DATASET SECTION —
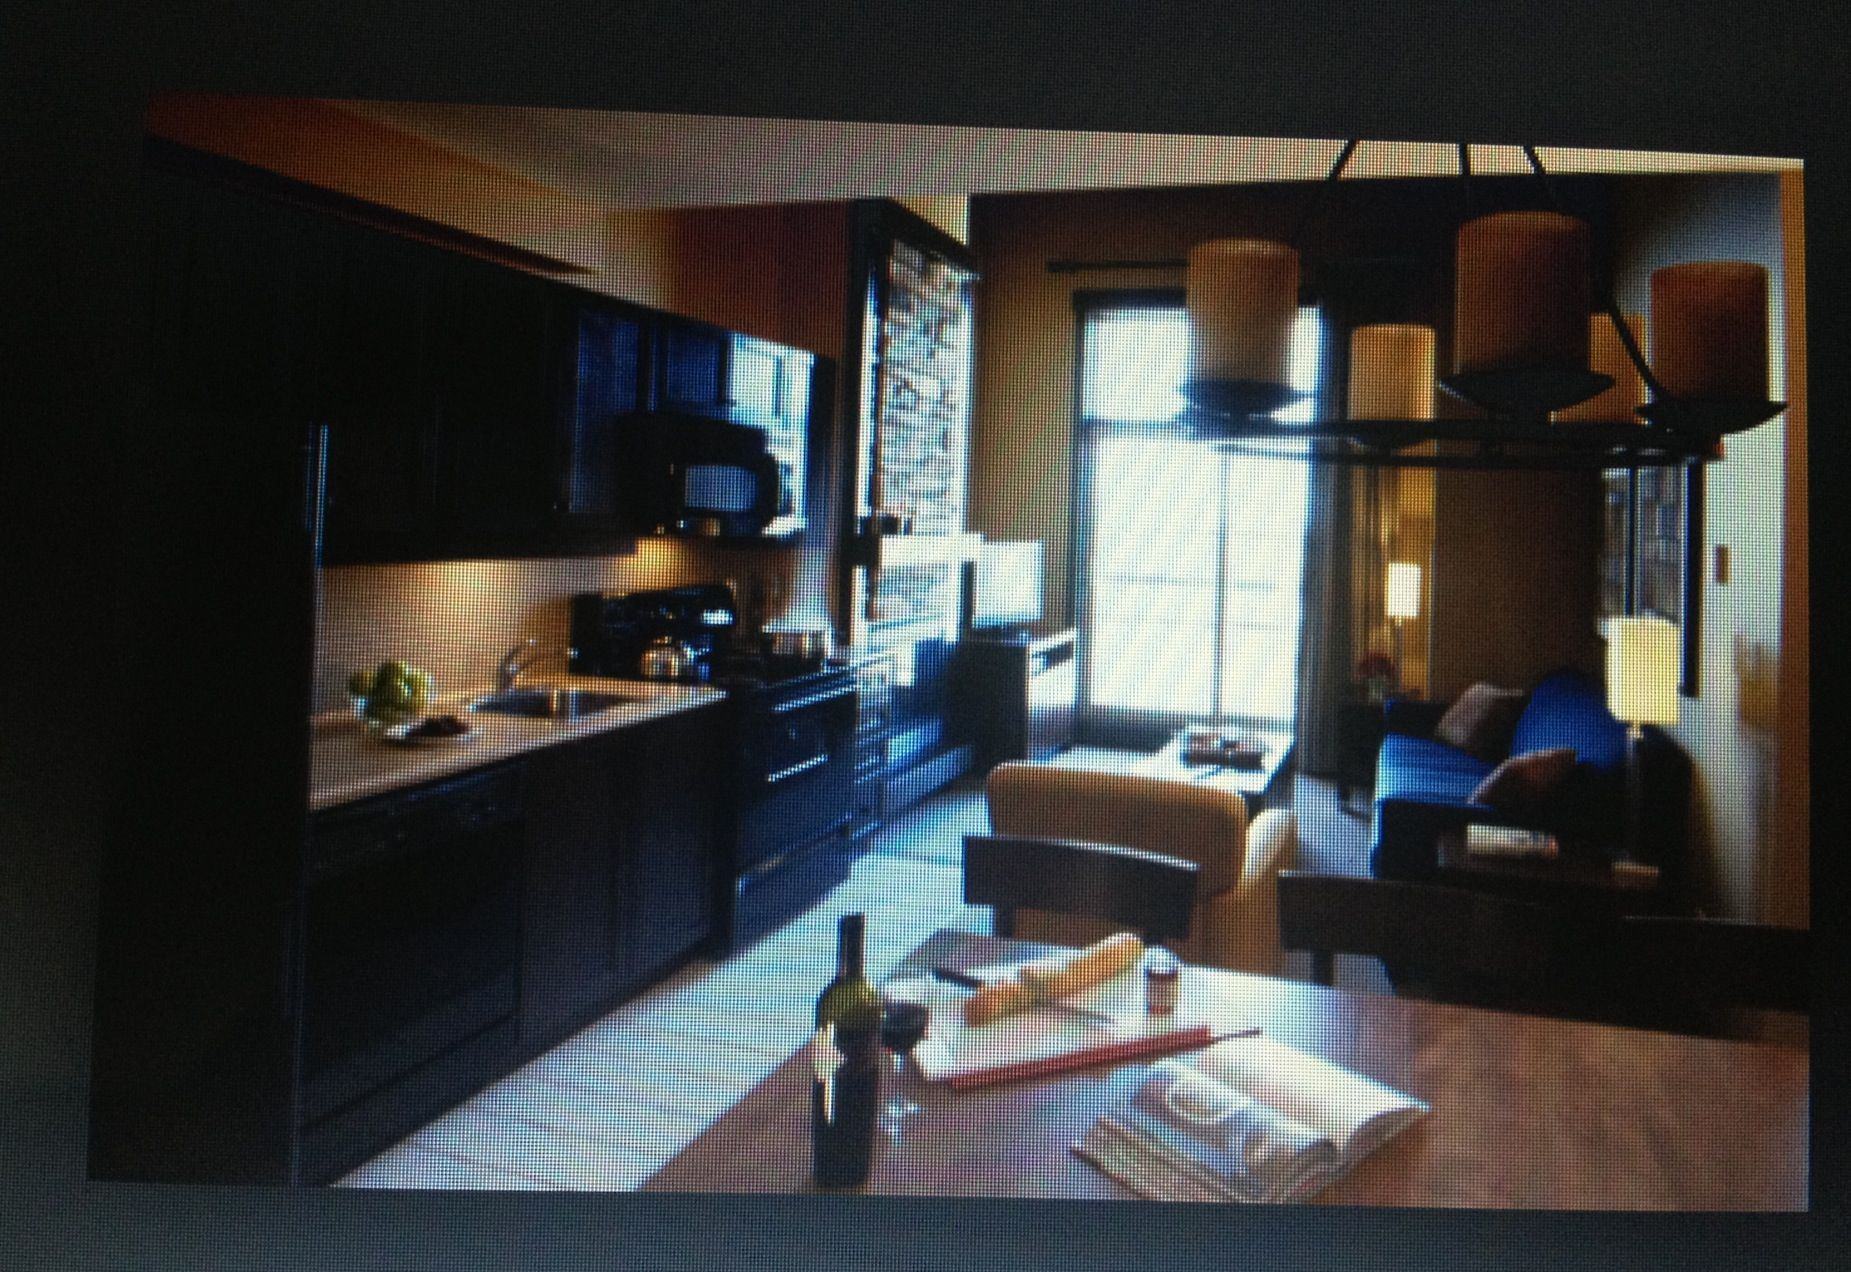 Küche! Farben. Ambiente. | Inspiration uploads. Possibilities ...
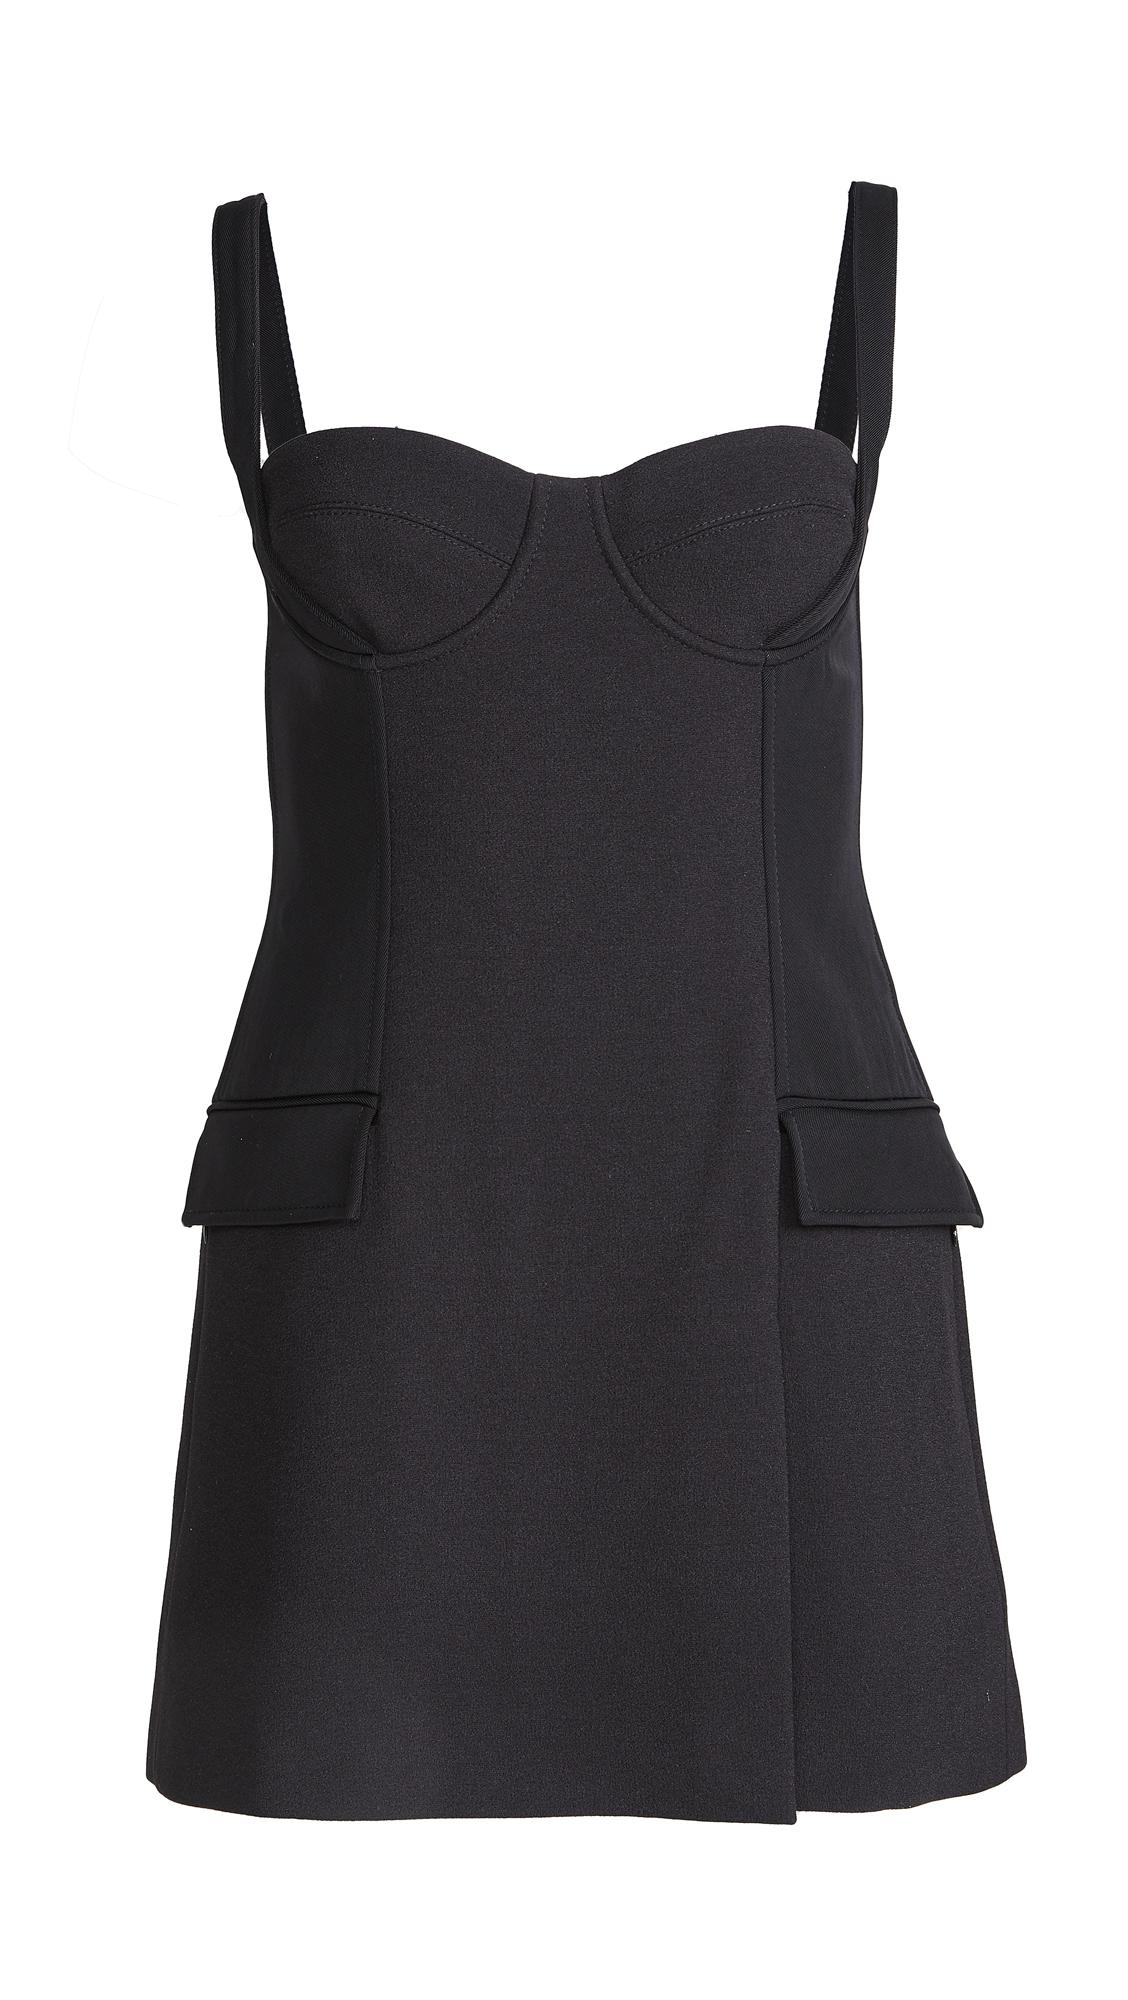 Dion Lee Belted Strap Bustier Mini Dress
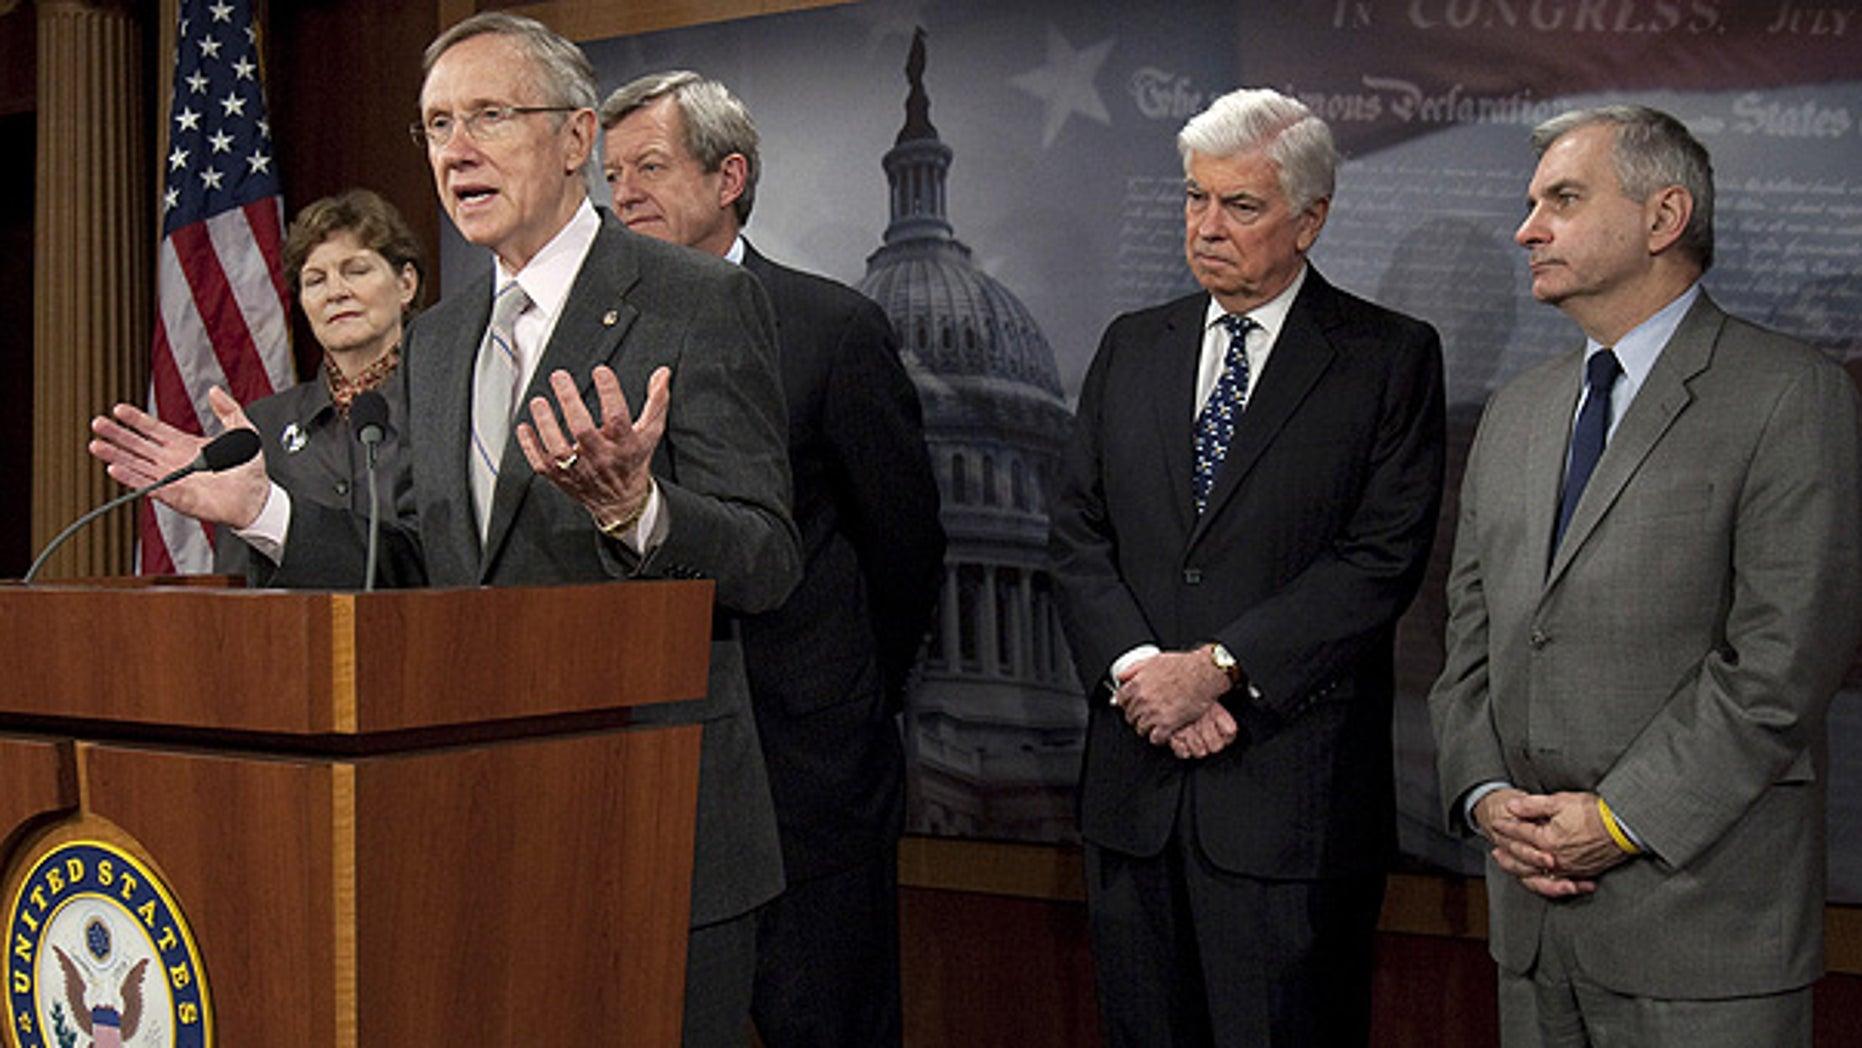 Nov. 4: Senate Majority Leader Harry Reid speaks as Sens. Jeanne Shaheen, Max Baucus, Chris Dodd, and Jack Reed listen on Capitol Hill. (AP)
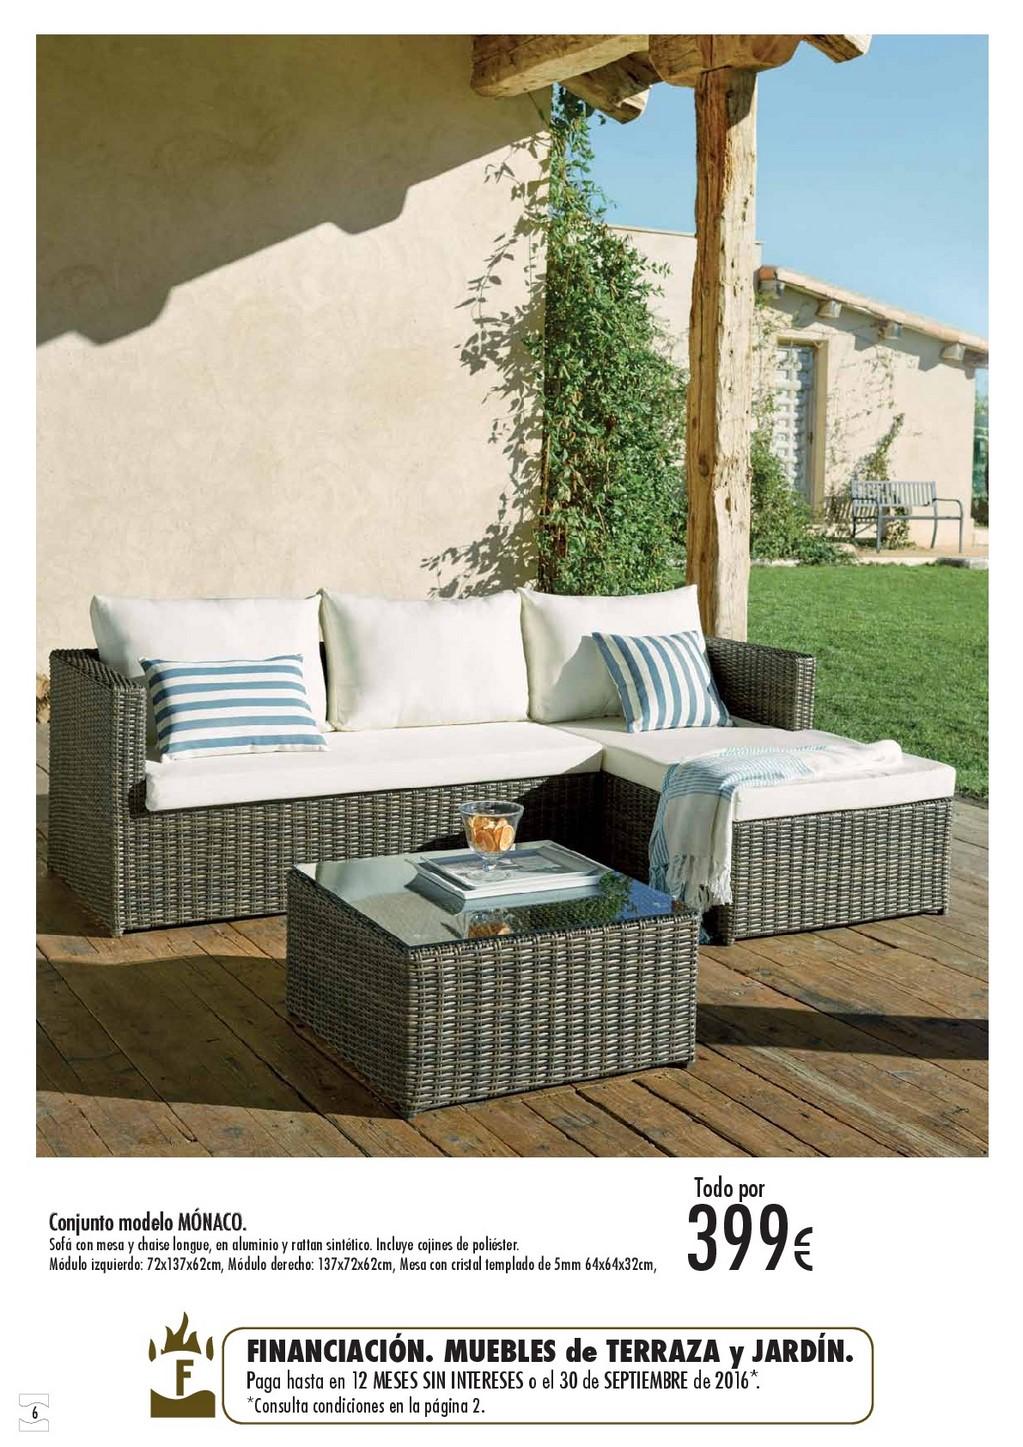 Terraza y jardin hipercor 20166 - Carrefour terraza y jardin ...

EXERCISE —
Could you print the data exactly as it appears and keep the pictures out?

EXERCISE RESULT —
 Küche! Farben. Ambiente. | Inspiration uploads. Possibilities ...
 Dion Lee Belted Strap Bustier Mini Dress
 Nov. 4: Senate Majority Leader Harry Reid speaks as Sens. Jeanne Shaheen, Max Baucus, Chris Dodd, and Jack Reed listen on Capitol Hill. (AP)
 Terraza y jardin hipercor 20166 - Carrefour terraza y jardin ...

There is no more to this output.